眼見著趙二虎從譚家側門進去了,林千藍就守在側門不遠處,她要等著拿那五百兩銀子連夜跑路。
今天她走了近一天的山路,中途還踹下山一個色狼,打了一記悶棍,精神上亢奮,身體卻累壞了。
畢竟鍛煉的時日太短,原本柔弱的身子骨還沒達到本質上的改善,沒有在半道累趴下,還虧得是她怕被趙全等人抓回趙家村心里提著一口氣的結果。
不好坐在地上休息,看旁邊有一棵歪脖子大樹,三兩下爬了上去,坐在一個橫生的樹杈上想歇一會。
誰知這一坐不知什么時候就給睡著了,等她醒來,除了譚家大門上的燈籠,四處一片漆黑。
完了!她到哪去找趙二虎去?趙家村她是不能回了。今天晚上找不到,往西邊出鎮的門有兩個,明天早上只有一半的概率能堵住人。
萬一明早趙全找來,她可就跑不掉了。
沒抱多大希望地去問了看門人,說她哥傍晚進的譚家,什么時候出來的,又描述了趙二虎的樣子。她一身鄉下半大小子的打扮,天又黑,倒不怕被人看破身份。
看門人倒是好說話,“那是你哥?他解了譚家的大急,我家主人看天晚了就留他住下了。”
就是不給通融,“這會太晚了,不能讓你進去找你哥,你明個一早再來吧。”
林千藍只得離開,可身上沒錢,住客棧都住不成。
圍著譚家大宅高大的圍墻走了會,看四下無人,退后幾米助跑,腳下發力,雙手堪堪扒住了圍墻的沿,腳再一蹬墻人就騎到了圍墻上。

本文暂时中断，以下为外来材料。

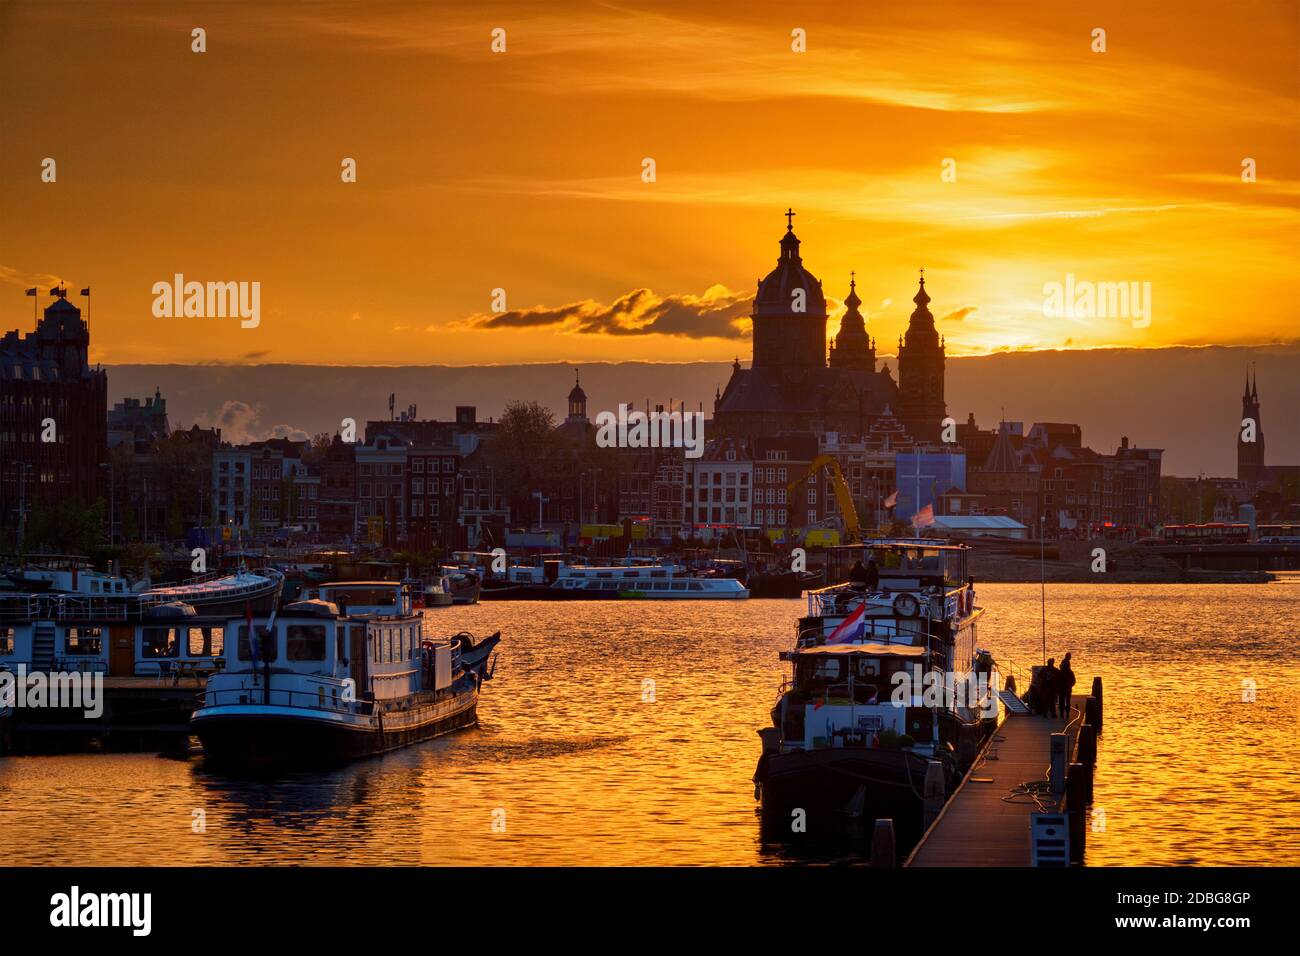 Skyline di Amsterdam con la Chiesa di San Nicola (Sint-Nicolaaskerk) e barche sul molo al tramonto con il cielo drammatico. Amsterdam, Paesi Bassi Foto Stock

騎在墻頭上的林千藍還暗自得意了一會,想當年,她在學校障礙跑比賽的高墻項目上,可是拿過第一的。
一個漂亮地縱身跳,落到了院子里,辨識了下方向,往南面客院摸過去。
走了不遠進入一個花園,高低起伏錯落,亭廊水榭,更有假山瀑布曲徑通幽,高樹林林。
花園里黑瞿瞿的,還都是些彎路,走著走著,林千藍就不知道哪是哪了,她沒慌亂,當即選定了一個方向直著走,見坡爬坡,見墻翻墻,見林穿林。

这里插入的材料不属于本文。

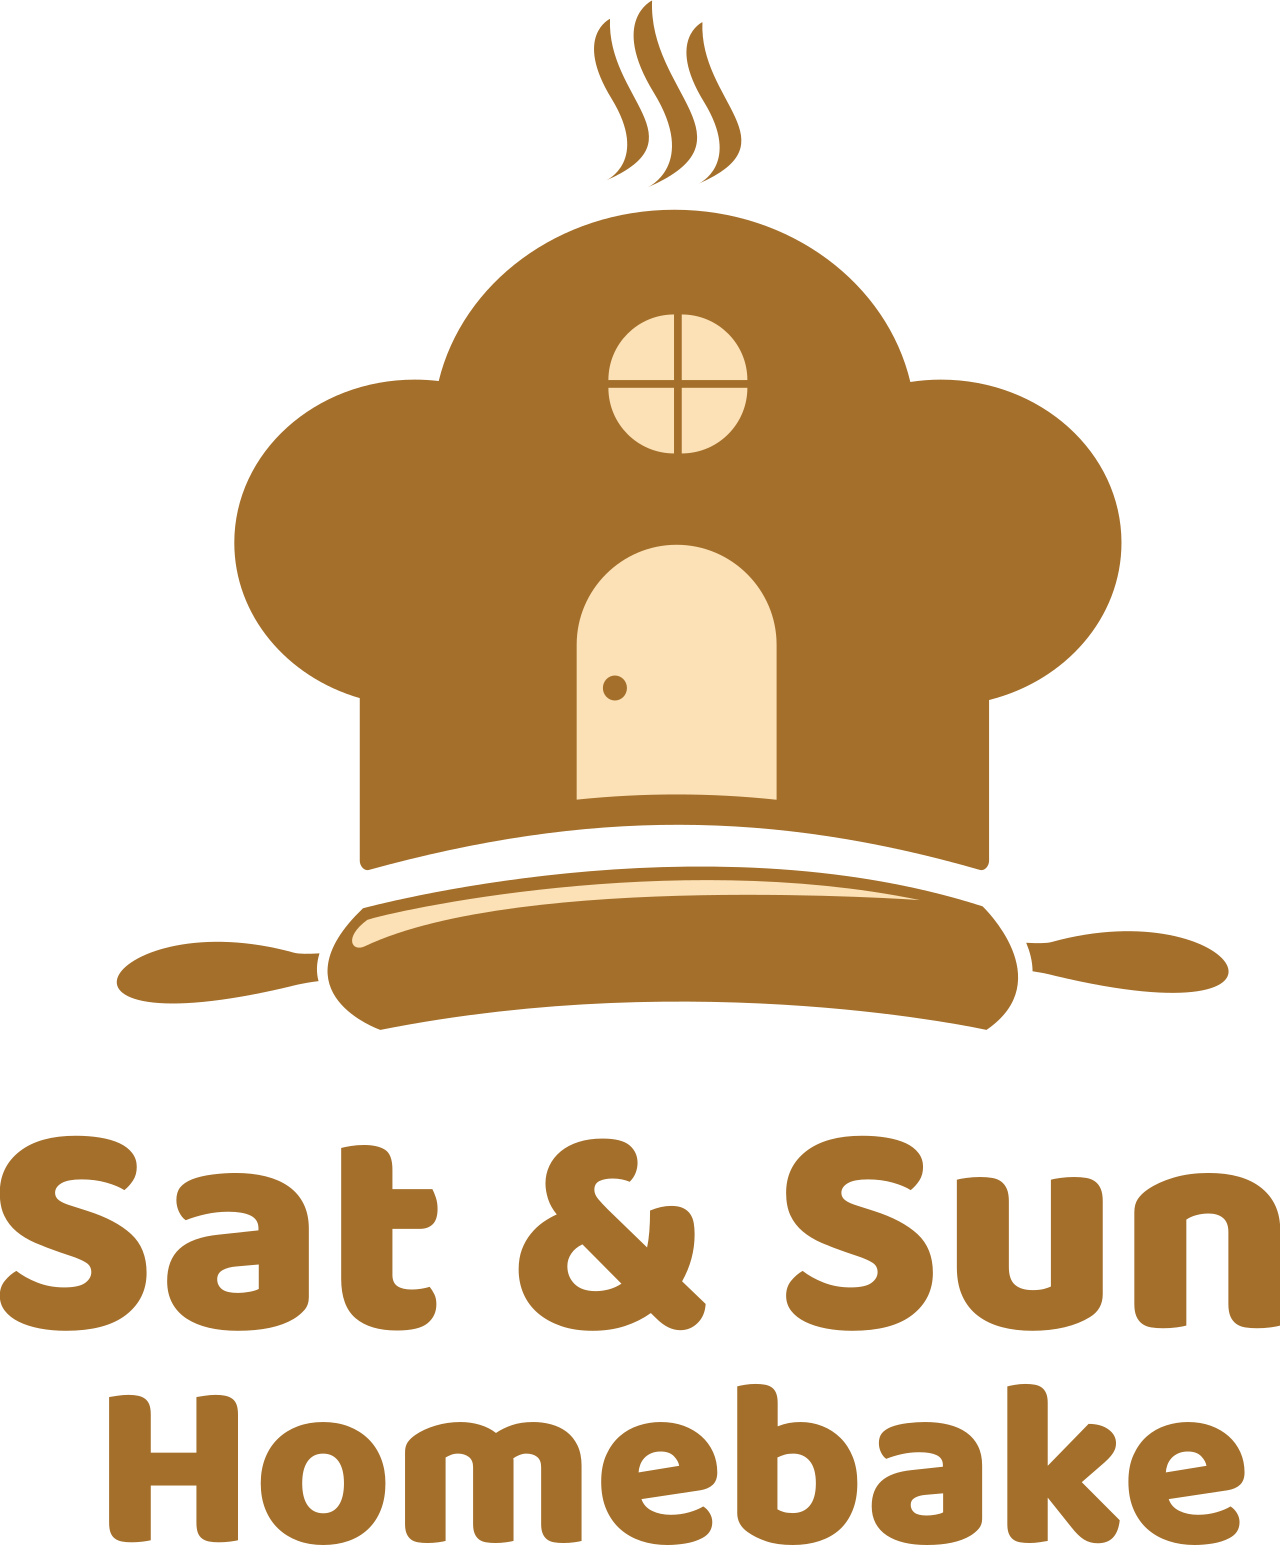 Sat & Sun 's web page

攀到最高那處假山頂,正抬腿往下爬,無意中抬了下頭,猛然看到對面一個白色人影在半空飄著。
饒是她膽子大,但事發突然,驚得她本能地雙手捂向心口處,“啊”地大叫了一聲。
假山又高又陡,她本來身子就是懸空的,被這么一嚇,雙手也離了山體,人就往下栽去。
“啊——”
求生的本能讓林千藍雙手在空中亂抓,可什么都沒抓到,失重感過后,就是后腦勺處傳來巨大的鈍痛,什么都沒來得及想就失去了意識。
那個白影把林千藍嚇得跌下了假山,同樣,林千藍的突然出聲也讓那個白影驚得后退了好幾步。
看到林千藍摔下去后沒了聲息,白影的身形拾階而下。
原來那白影是一位穿著白衣的男子,他站在一處高高的臺階上,周圍很黑,石階也是暗色,在遠處猛一看就象是懸空站著。
再加上他穿的白衣寬大,夜風一吹,整個人就象是飄在空中一樣。
白衣男子過去探了探林千藍的鼻息,大喊了一聲,“來人!”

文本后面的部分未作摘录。